United States District Court, N.D. California
Oct 31, 2008
Case No. 08-3074 SC (N.D. Cal. Oct. 31, 2008)

Opinion

Case No. 08-3074 SC.

October 31, 2008


ORDER GRANTING IN PART AND DENYING IN PART DEFENDANTS' MOTION TO DISMISS


I. INTRODUCTION

This matter comes before the Court on the Motion to Dismiss ("Motion") by the defendants Steven Peter Small ("Small"), the Law Offices of Steven P. Small ("Law Offices"), Robert Von Felden ("Von Felden"), Eco-Fiber Solutions, Inc. ("Eco-Fiber"), NVS Group-Display Innovations, Inc. ("NVS") (collectively, "Defendants"). Docket No. 11. The plaintiff Terry L. Ritter ("Plaintiff" or "Ritter") filed an Opposition and the Defendants submitted a Reply. Docket Nos. 24, 25. For the following reasons, Defendants' Motion is GRANTED in part and DENIED in part.

II. BACKGROUND

The present action arises out of the alleged efforts by Defendants Small and Von Felden to induce Plaintiff to agree to pay $5,000,000 over 12 months to purchase 45% of the stock in the company Eco-Fiber. Compl. ¶ 11. Plaintiff allegedly paid a total of $400,000 of the $5,000,000 to Defendants before filing this lawsuit. Id. ¶ 18e. The alleged misrepresentations began February 20, 2008. Id. ¶ 13.

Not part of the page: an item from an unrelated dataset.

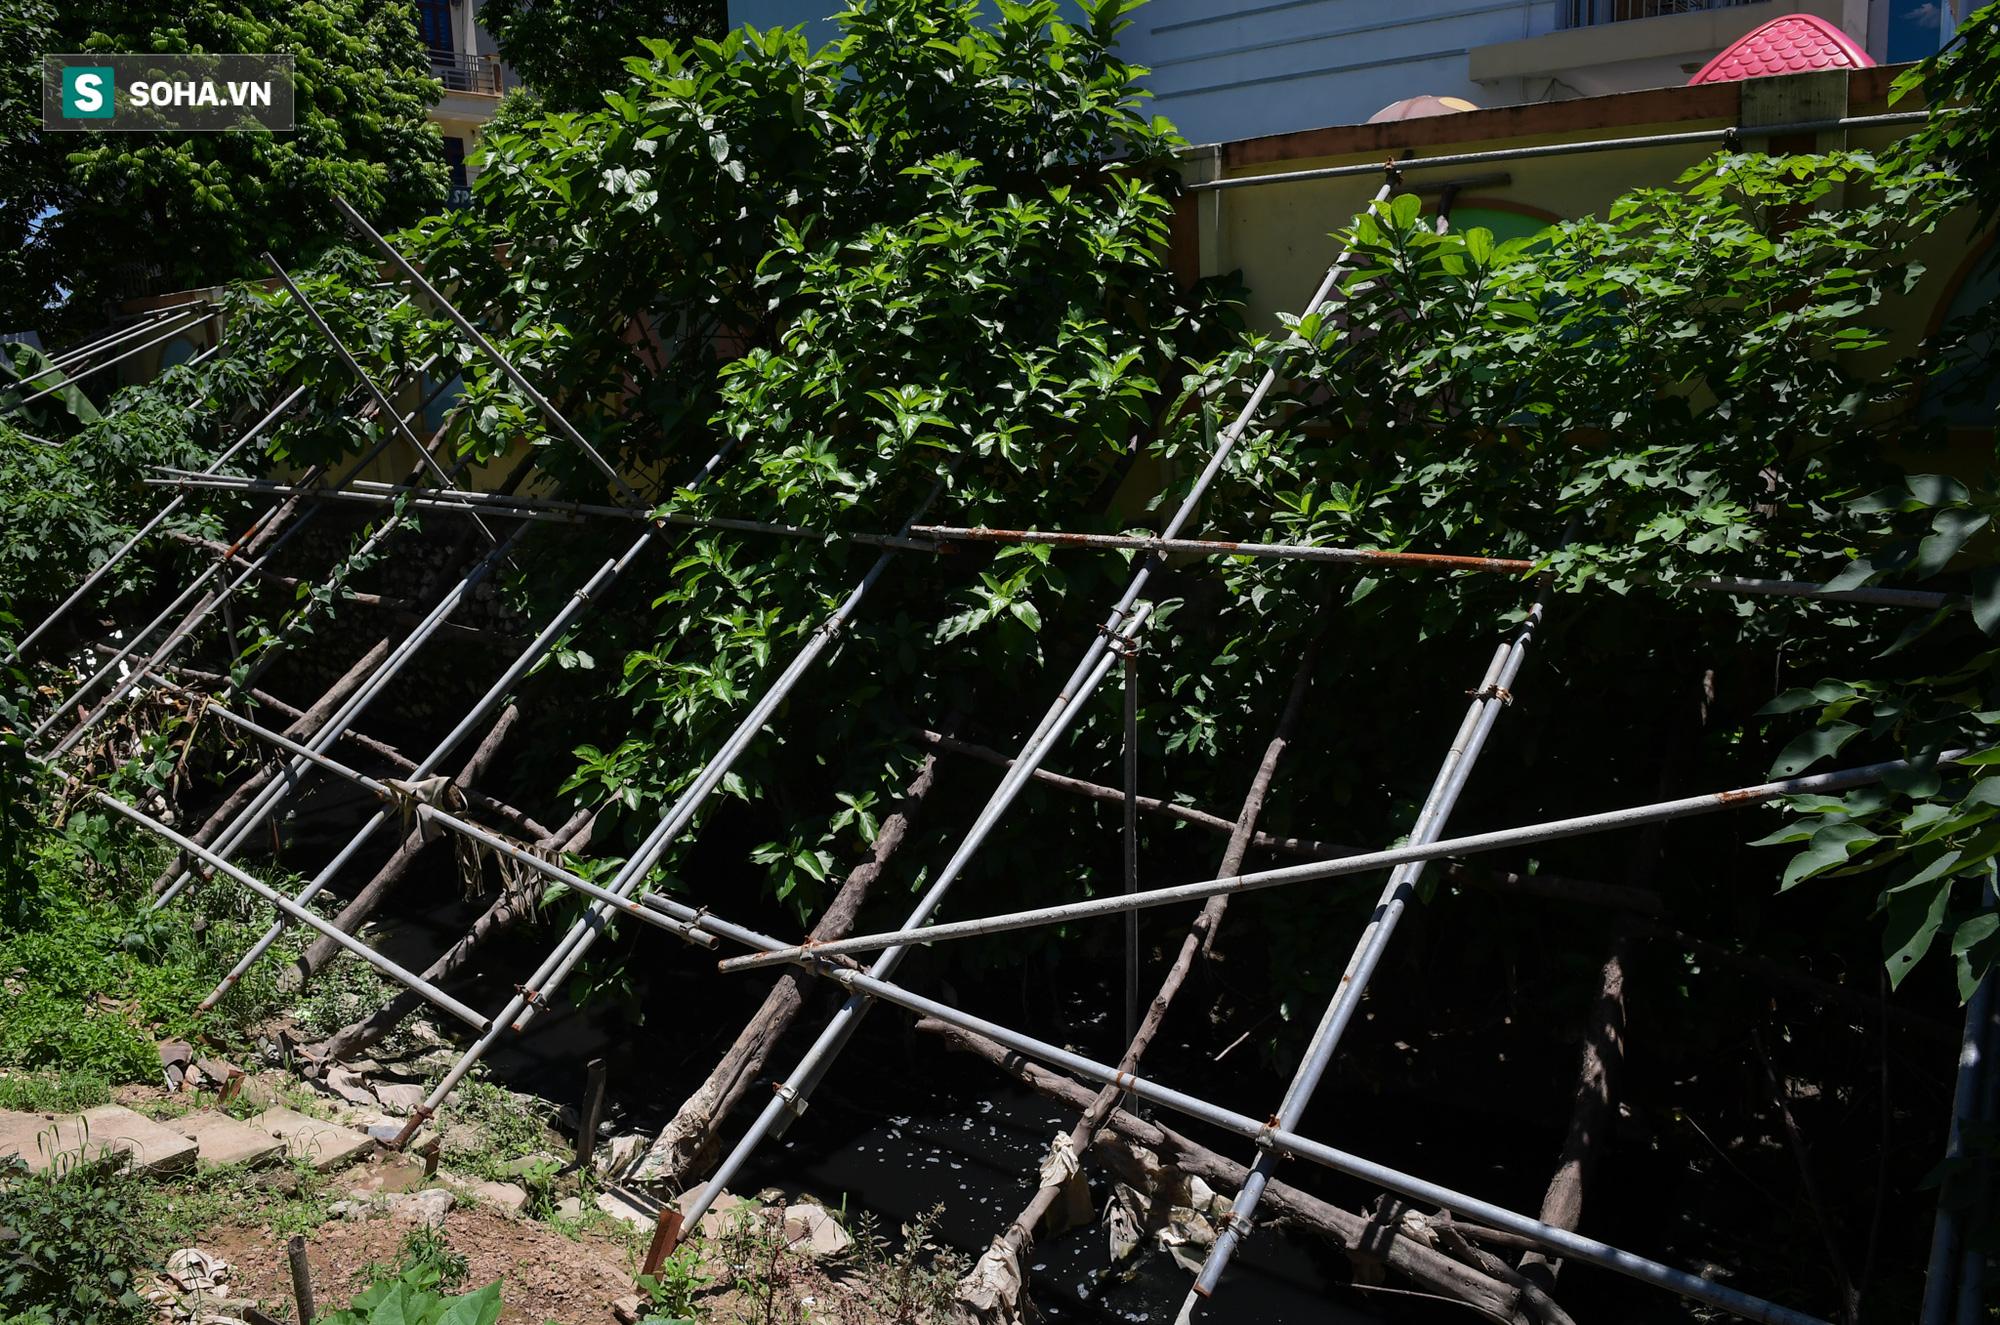 Đại dự án 7.000 tỷ đồng chống ngập cho 6 quận huyện phía Tây TP Hà Nội chậm tiến độ, ngập ngụa trong rác - Ảnh 14.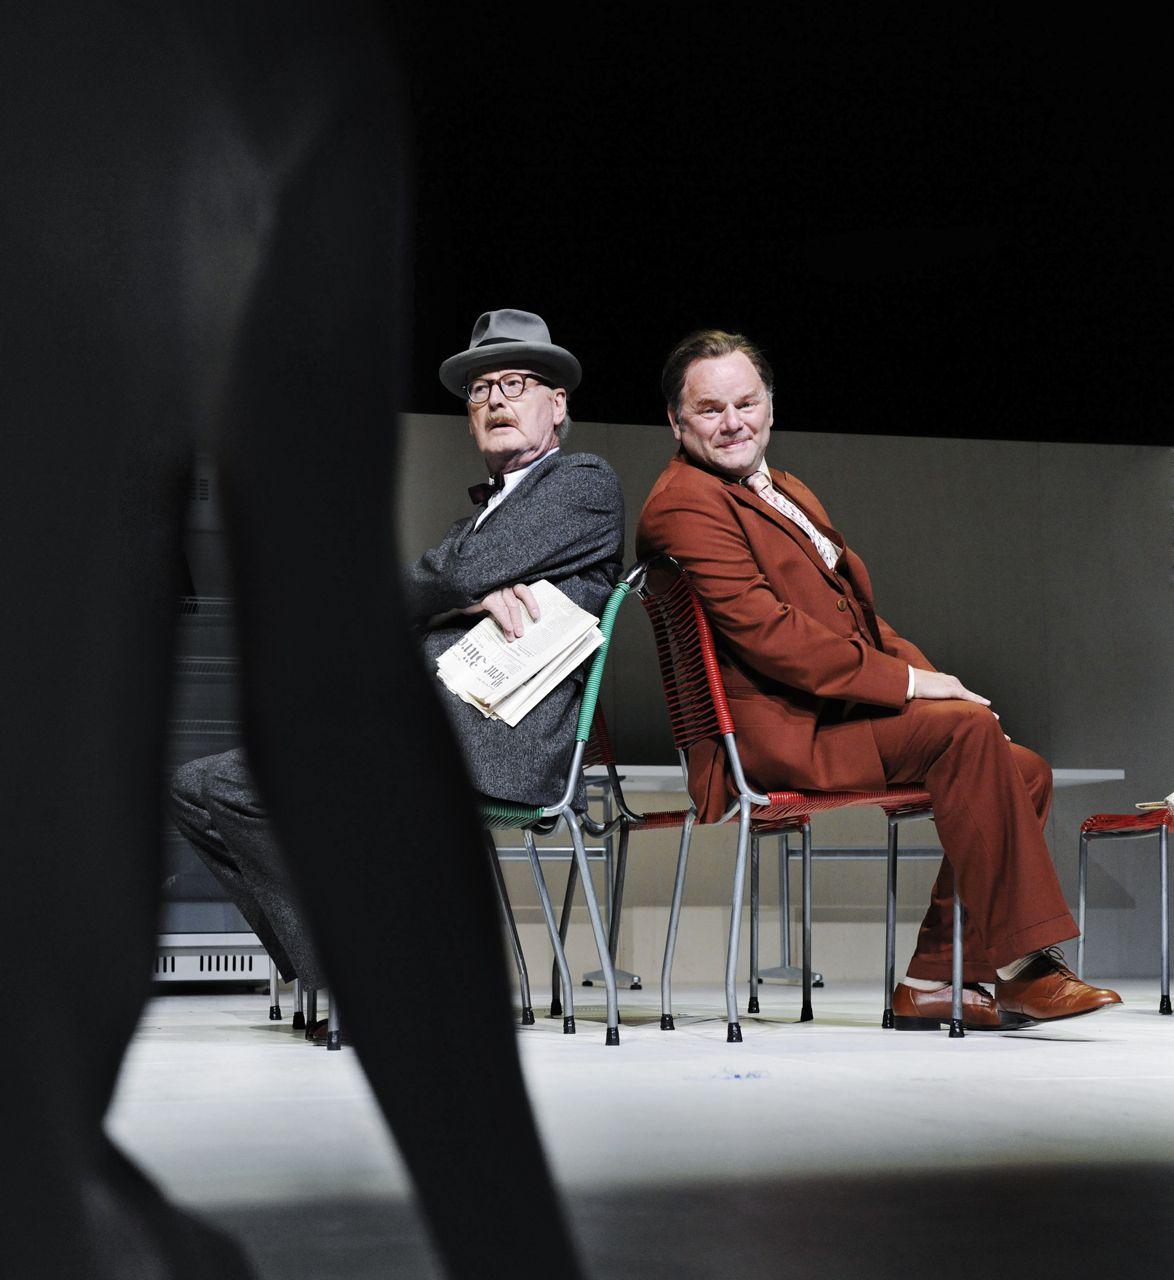 Bild: Myrrha Glawicz (Franzsika Machens) vor Möni Wighart (Jean-Pierre Cornu) und Martin Salander (Gottfried Breitfuss) | Foto/Copyright: Tanja Dorendorf, T+T Fotografie

Eco-Fiber was incorporated in August of 2007 and uses the law office of Defendant Small for its offices. Id. ¶ 4. Von Felden is listed as the President of Eco-Fiber. Compl. Ex. A, Memorandum of Understanding ("MOU"). According to Plaintiff's allegations, Von Felden and Small misrepresented to Plaintiff that Von Felden had assigned to Eco-Fiber proprietary and patentable chemical treatments for water-resistant, non-wicking paper for use in multiple markets, including food, frozen food, fresh fish, etc. Compl. ¶ 18a. In addition, Plaintiff alleges that, although Defendants Small and Von Felden told Plaintiff that the money he invested in the company would be used for bona fide post-investment costs, including the marketing of Eco-Fiber to major industry companies, Plaintiff's capital was actually used to pay personal expense items of Defendants, including Defendant Small's daughter's cell phone bill. Id. ¶ 18b.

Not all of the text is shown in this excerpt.